# Bleaching Plants...



## frankrom (Jan 14, 2012)

I just bought a handful of plants from a reptile expo... they should all be bleached right?

I was thinking of putting 1 cup of bleach and then 9 cups of water for a 10% ratio. 

Should they all be bleached? I have some orchads, ferns, clippings, bromeliads....

Are they all safe to bleach? if so how long and is my ratio correct?


----------



## frogmanroth (May 23, 2006)

Orchids are sensitive plants sometimes. It just depends are they from frog free tanks? Then you don't have to bleach them just rinse them. Wash them in the water then rinse really good and place on sphagnum moss to dry a bit. Keep the roots moist. Make sure water temp is rt. As far a 10% solution. I just have washed mine with a cup of bleach to a five gal bucket.


----------



## frankrom (Jan 14, 2012)

As far as where the orchids are from I cannot say if they are from frog tanks or not. He said he is a big orchid grower and just grows orchid tanks so likely from frog free tanks......?

I am not sure what the ratio of a cup of bleach to a five gallon bucket of water is... but i believe i heard 5 to 10% ratio to be used.

After rinsing the orchids (without bleach as you said they are sensitive) just plant them into my substrate?

Thanks,

Frank


----------



## frogmanroth (May 23, 2006)

Mount orchids on to something. Planting in soil will kill most of them. A lot of them are really sensitive. 

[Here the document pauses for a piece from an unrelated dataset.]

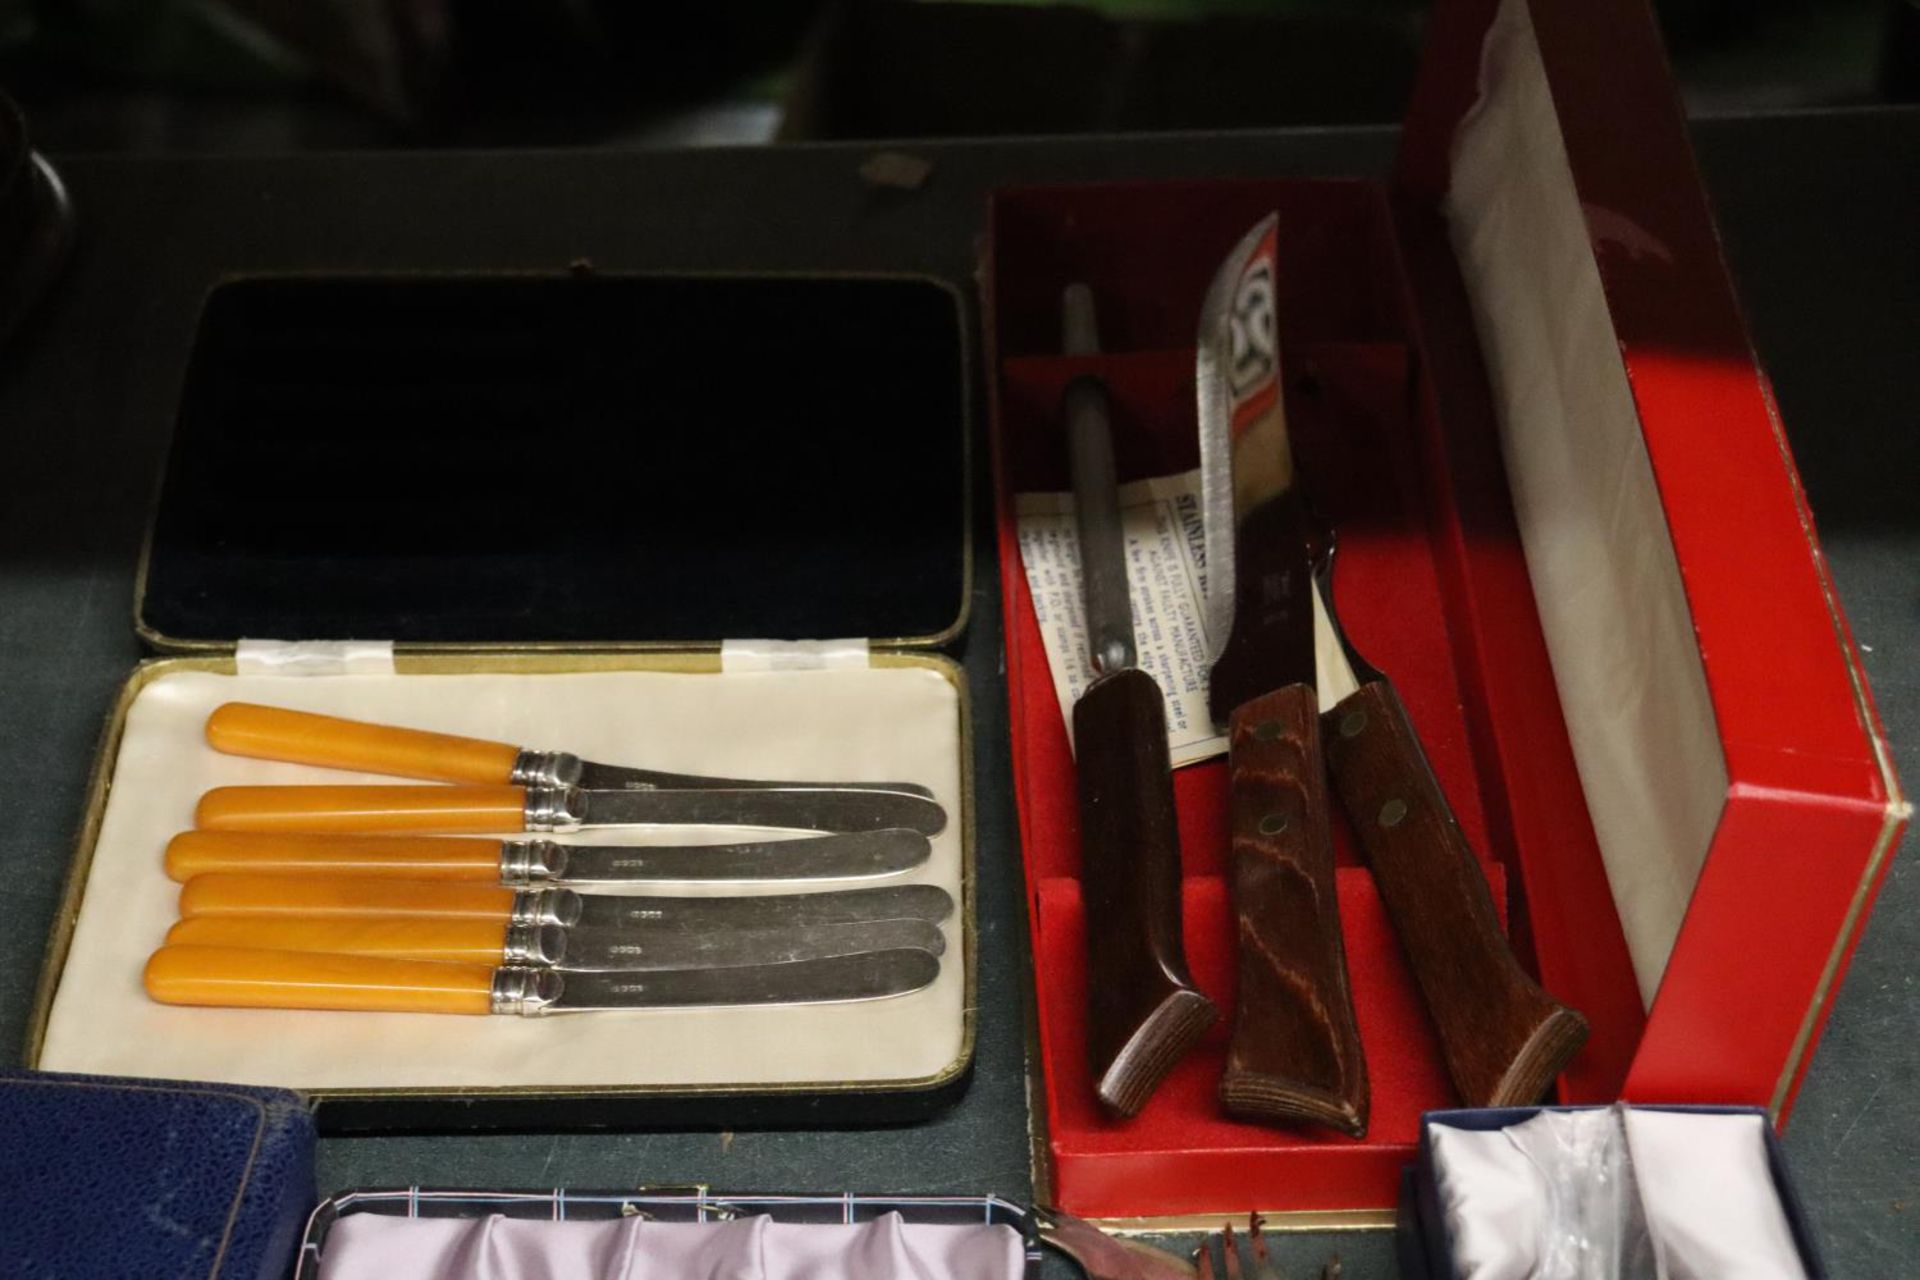 A QUANTITY OF BOXED FLATWARE TO INCLUDE ACARVING SET, AYNSLEY CAKE KNIFE, WOODEN NAPKIN RINGS, ETC - Image 2 of 6

Search some orchid sites for great ideas, I am no expert on them.


----------



## frankrom (Jan 14, 2012)

i should probably wash off all the soil attached to the plants and just put it in the substrate correct?


----------



## frogmanroth (May 23, 2006)

Oh yeah wash any soil off. Some people grow in fertilized soil?


----------



## jacobi (Dec 15, 2010)

Different orchid species have different requirements. Which ones did you buy? Do you know their names? Do they have tags?

Jake


----------



## Mitch (Jun 18, 2010)

Make sure you soak all the plants in clean water for at least 10 minutes before bleach dipping them.


----------



## Pumilo (Sep 4, 2010)

Soaking the plants for 10 minutes in fresh water will make sure they are fully hydrated so that they don't suck up that bleach water. One cup of bleach in 5 gallons of water is probably not strong enough to do much. A 10% solution for 10 minutes is generally considered safe and has been recommended by more than a few knowledgeable plant people on the board. I use a 10%, 10 minute dip myself and have dipped many orchids with no ill effects. The only things that have ever responded badly to this has been mosses.


----------